Tied into this setting is the cultivation system. To summarise, in ones core / dantain (a soulhome in this work), you construct—you guessed it—a soulhome. This is building constructed of sublime materials, where the architecture, materials, and items determine how a persons power works. For example, a specific sort of magic tree might generate cantae (read: mana or qi), and then this might flow from the room in which the tree is growing into an adjacent room, wherein various items would turn that cantae into a technique. Fiyu has material that generates lots of light, and thus she has an attack which shoots out bolts of light. Theo focuses on gravity, and he has lots of super heavy things, so he generates gravitational fields. I’m not sure on the exact details (though there are appendixes to delve into it), but I just love the imagery of someone sitting in their soulhome and slowly carving away and making surfaces smooth because that means their cantae flow will smooth out.

The different approaches people take to building their soulhomes is always intriguing and still hasn’t gotten old after five books.

Character wise, no complaints. I’m not rooting for any of them like I do for Lindon or Zorian, but perhaps that’s because Sarah isn’t afraid to show the good and the bad side of each character’s personality. Awkward romances subplots are kept far away from the plot (though I’ve seen people complain about the tiny romance part of the latter books for no good reason) and many of the annoying tropes of the genres (young masters, plot that would resolve if two characters just communicated, etc) are entirely absent.

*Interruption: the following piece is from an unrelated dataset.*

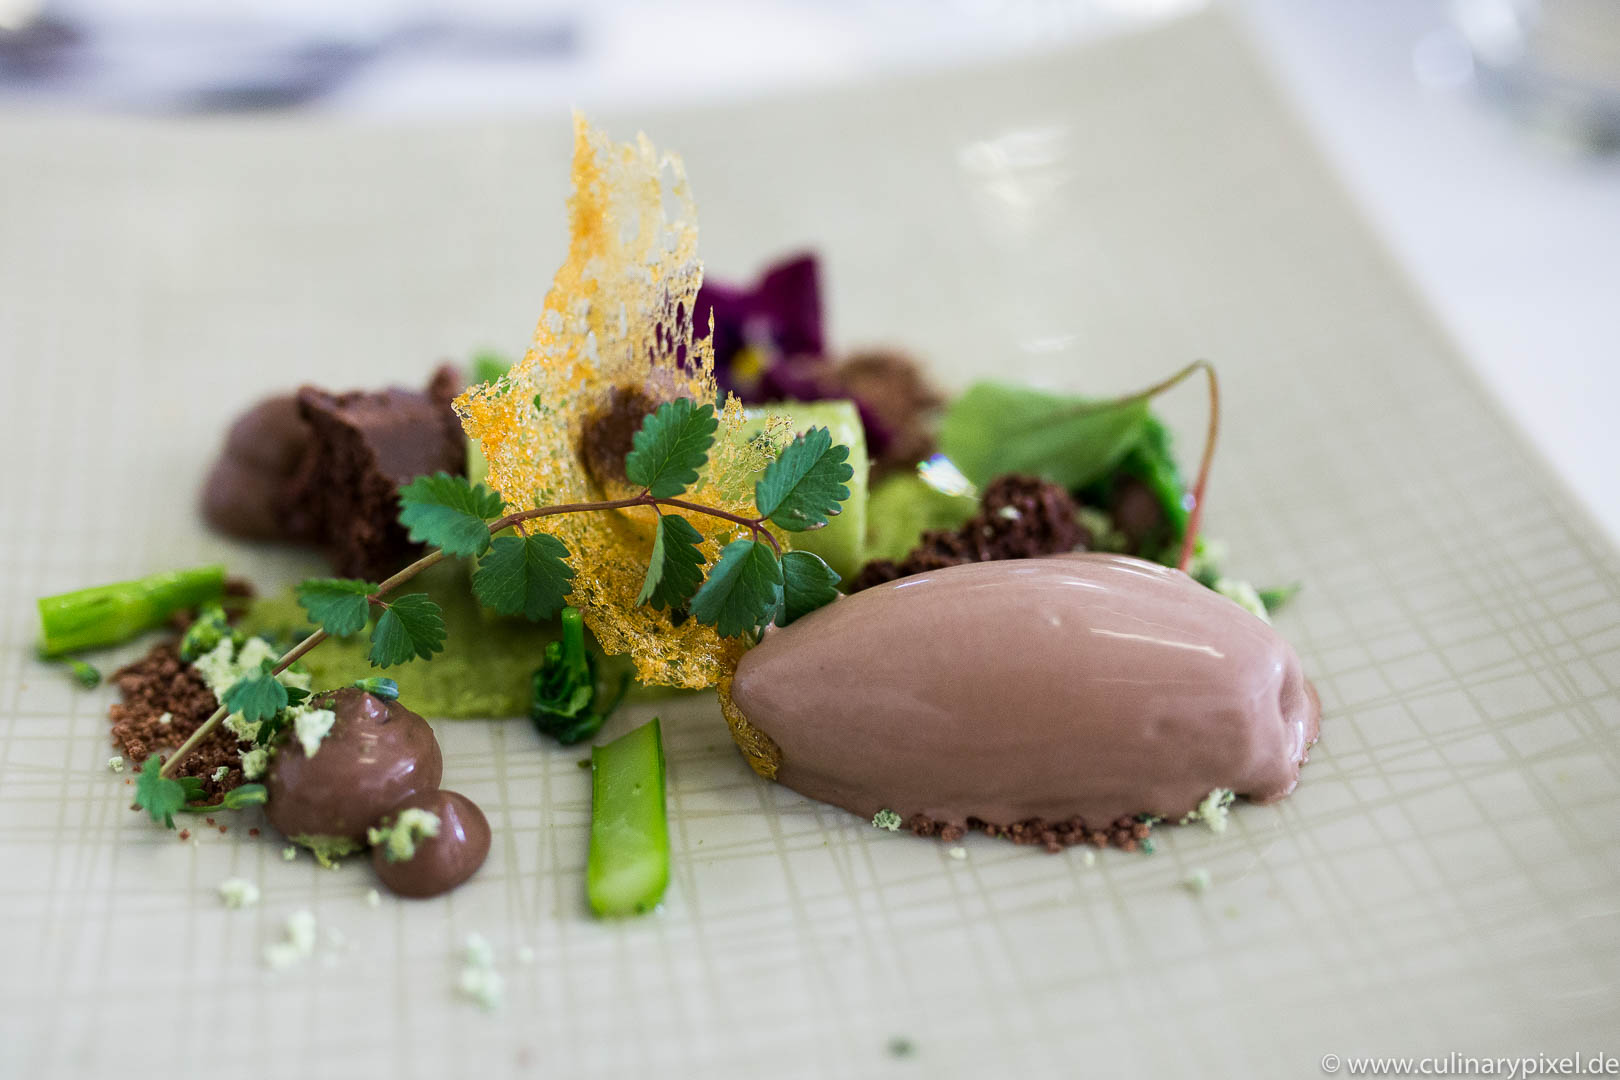 Keltenhof Wilder Broccoli & Original Beans Schokolade Alexander Huber Jeunes Restaurateurs Genusslabor V und Gründung Genussnetz

Actually, there was one point in book five where I was worried for a bit, but then Nauda did talk to Theo, and the plot point was resolved, and I thought “Well, isn’t this nice. Characters that both have emotions, but aren’t also morons.”

So, good characters, amazing magic system, fantastical setting, and progression elements are unique and earned. This is definitely my favourite (and fastest-paced) Sarah Lin series so far.